En 2023, une nouvelle loi en France exigeait le consentement parental pour que les enfants de moins de 15 ans accèdent aux réseaux sociaux. En raison de problèmes techniques, la loi n’est pas encore appliquée. L’année prochaine à la même époque, les Australiens pourraient être dans la même situation.

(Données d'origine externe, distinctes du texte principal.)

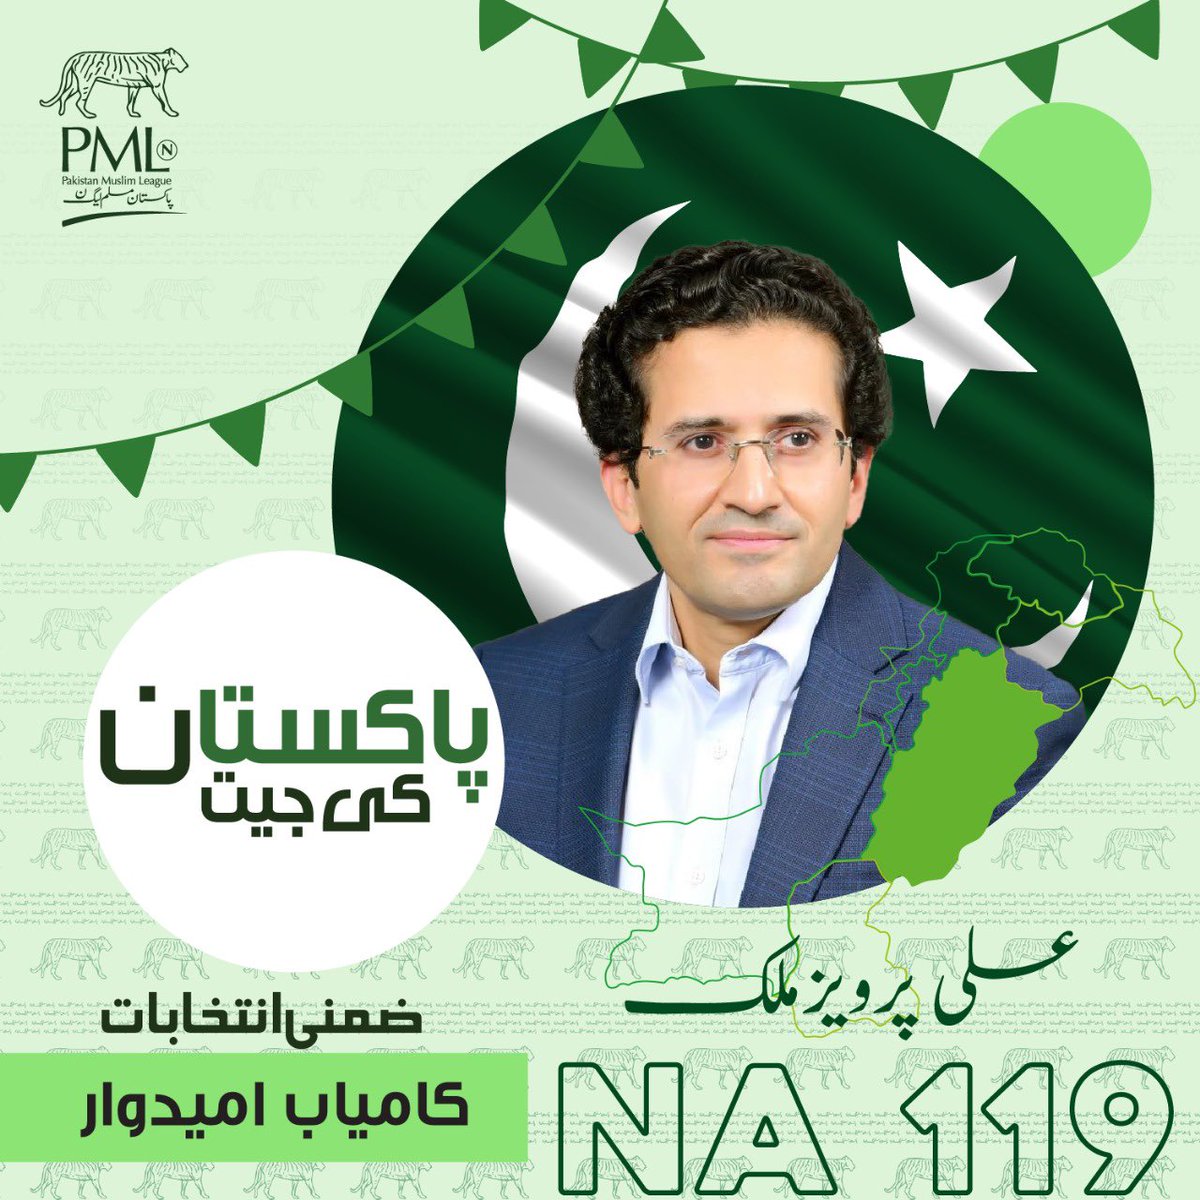 NA-119!! 🐅🐅 Lahore remains the fort of PML-N! Thank you Lahore for always choosing Development.

Jason Thacker, professeur d’éthique chrétienne et auteur de La place publique numériqueaffirme que les législateurs australiens ont mis en garde les entreprises technologiques. Il considère l’interdiction en Australie comme une première étape significative qui pourrait avoir des effets considérables, même si ce n’est pas une solution parfaite. « Nous devons trouver comment protéger nos enfants, en particulier à l’ère du numérique, et responsabiliser les parents, et défendre la liberté d’expression, la vie privée, la liberté d’expression et la liberté religieuse. Nous pouvons faire toutes ces choses », insiste-t-il. Il est encouragé par les nombreux pays à travers le monde qui tentent de demander des comptes aux géants de la technologie, et il estime que les entreprises sont plus capables de contrôler l’accès à leurs produits qu’elles ne le laissent entendre.
La menace de la surveillance Big Brother, de la censure de masse et des identités numériques ne devrait pas paralyser les chrétiens, dit Thacker. « Ce sont de vraies questions et de vrais problèmes que nous devons aborder et réfléchir. Mais nous les engageons dans un lieu d’espoir et de paix, sachant que notre avenir est assuré.